I was thinking of putting this in T&T, but it's old. What is important is that E.M. prepared and trained his wife; thereby making for a small OODA Loop. That part is highly relevant today. From pages 261-63 of Mrs. Hill's Journal.

Quote:
"E.M. had many times impressed me with the necessity of keeping cool if we should be attacked while on the road, and to make no effort to help him, but to ride to the nearest camp as fast as my horse would travel and have assistance sent him. We had rehearsed such a possibility several times when out riding together. He had taught me to use a revolver, and to fire over my horse's head, and he had fire unexpectedly so that the horses would not frighten.

"This day we were riding back to our camp very leisurely.
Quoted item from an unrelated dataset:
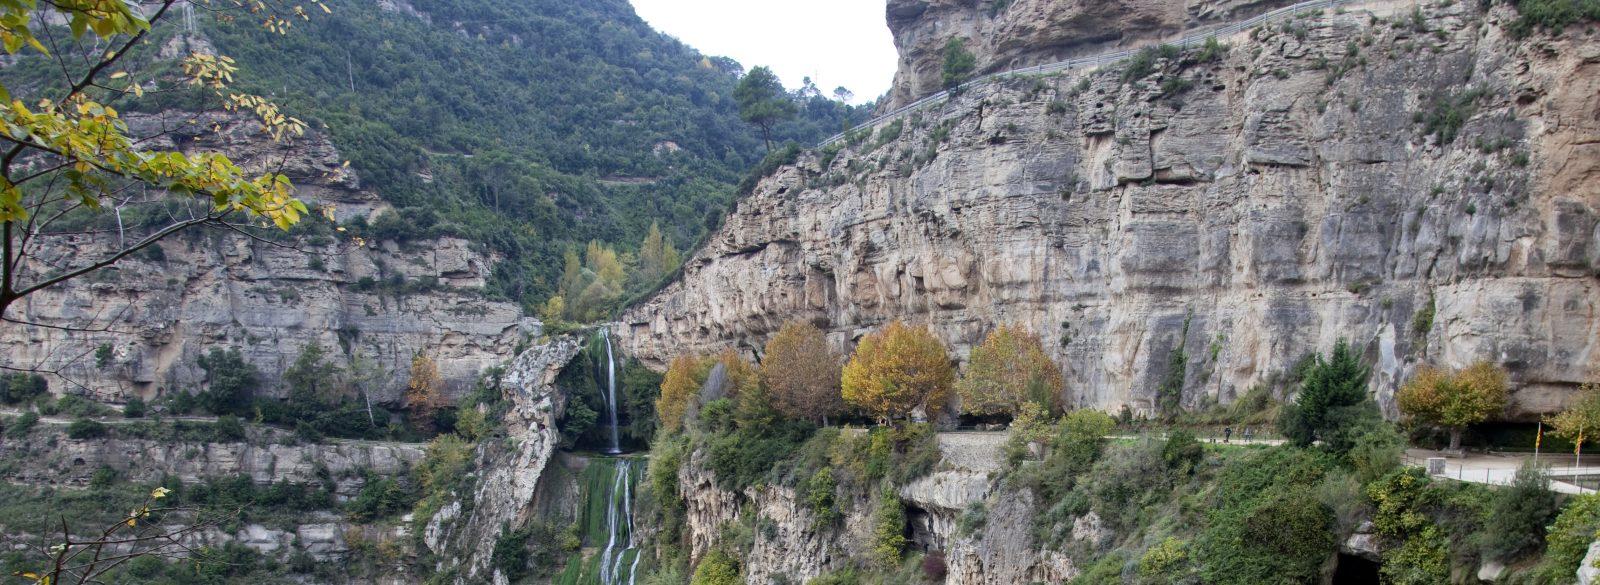 13a---Cascada-a-Sant-Miquel-del-Fai-©-Daniel-Julian-Rafols
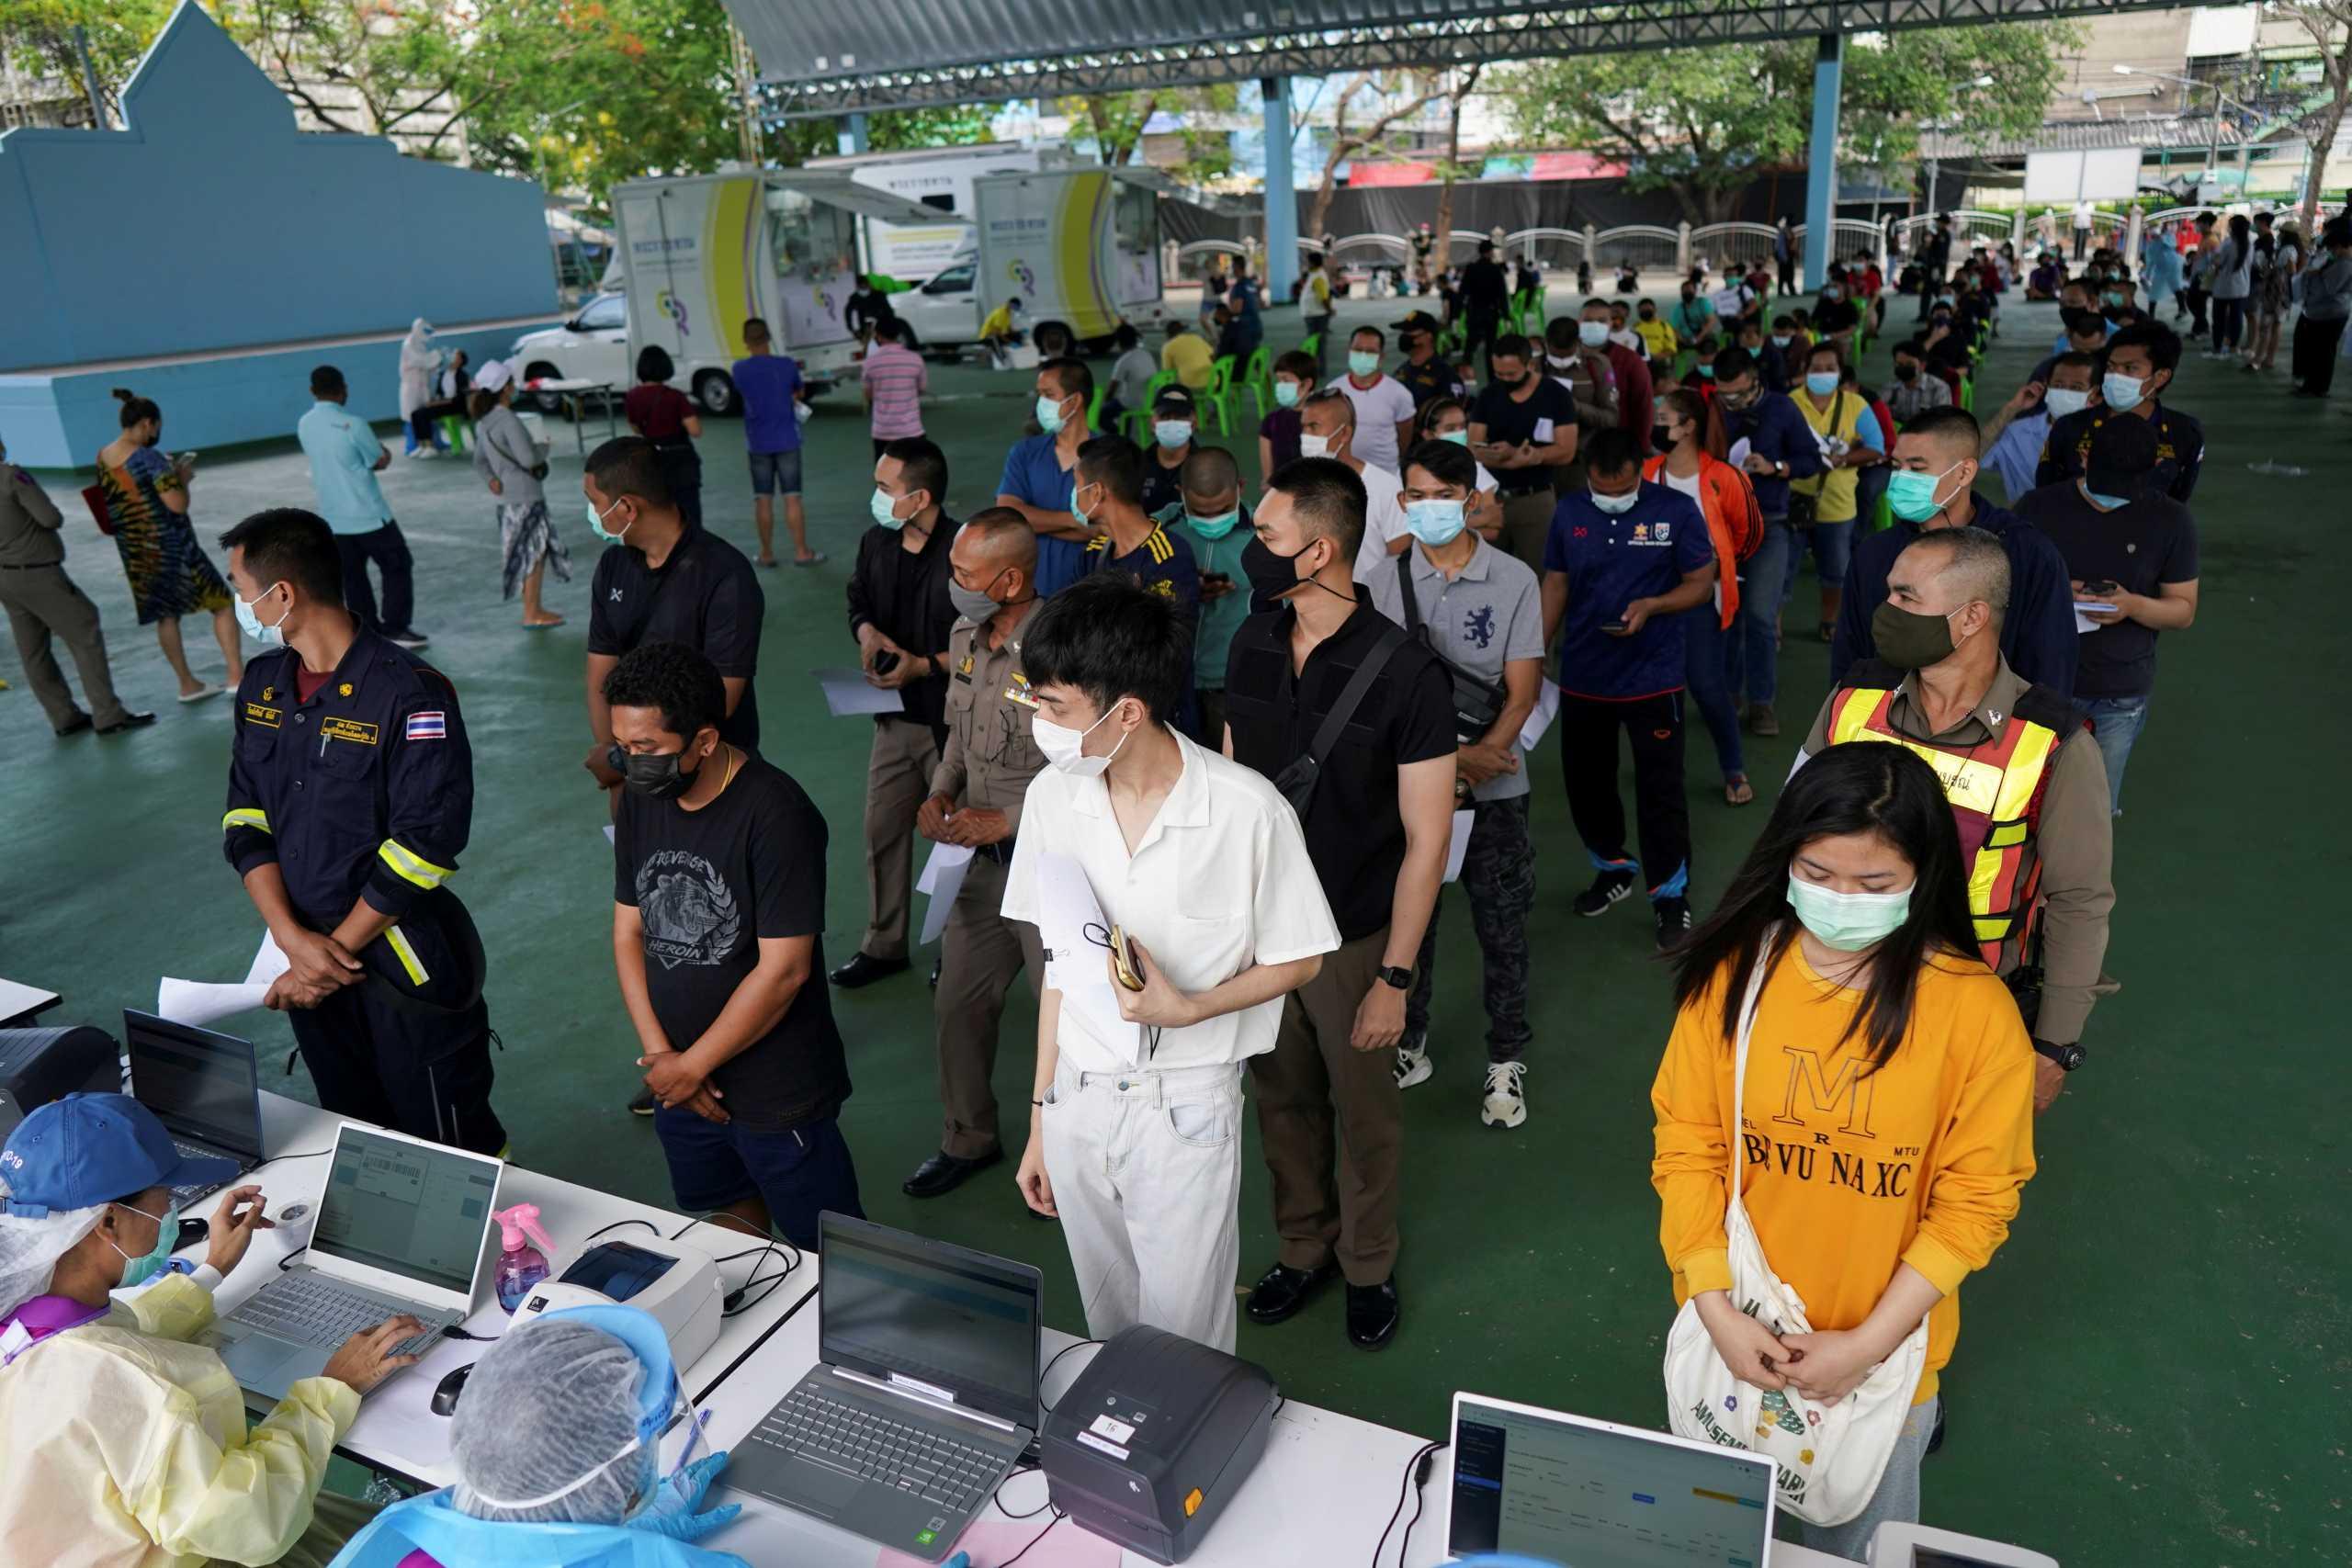 Ταϊλάνδη: Ανάσα από την μείωση των κρουσμάτων κορονοϊού μετά τα συνεχή ρεκόρ

George was in front of his father, and very much of a man because his father had him straddled in the saddle with him. His shrill little voice was piping away asking baby questions which amused us. E.M. leaned toward me and remarked we must hurry to get to camp before dark,, then he said under his breath, "Ride up, faster, faster." By that time our horses were in a gallop. A couple of shots rang out behind us, and we put our horses to a run and never stopped till we reached camp.

"E.M. immediately sent out a squad in pursuit and by morning they returned with two prisoners. As we were riding along, E.M. had caught the glint of a gun aimed at us over the top of a log and knew there was an ambush. What he thought strange was that they did not fire at once. The next morning the prisoners were brought before him. Little George was standing beside his father. One of the men spoke up. 'You all may be thankful you had the little one with you. We aimed to kill you and your woman, and had a lead on you, but we could not fire on the baby,' so that our little lad probably saved our lives. E.M. wanted to release them, but the orders were very strict and they were sent to Nashville."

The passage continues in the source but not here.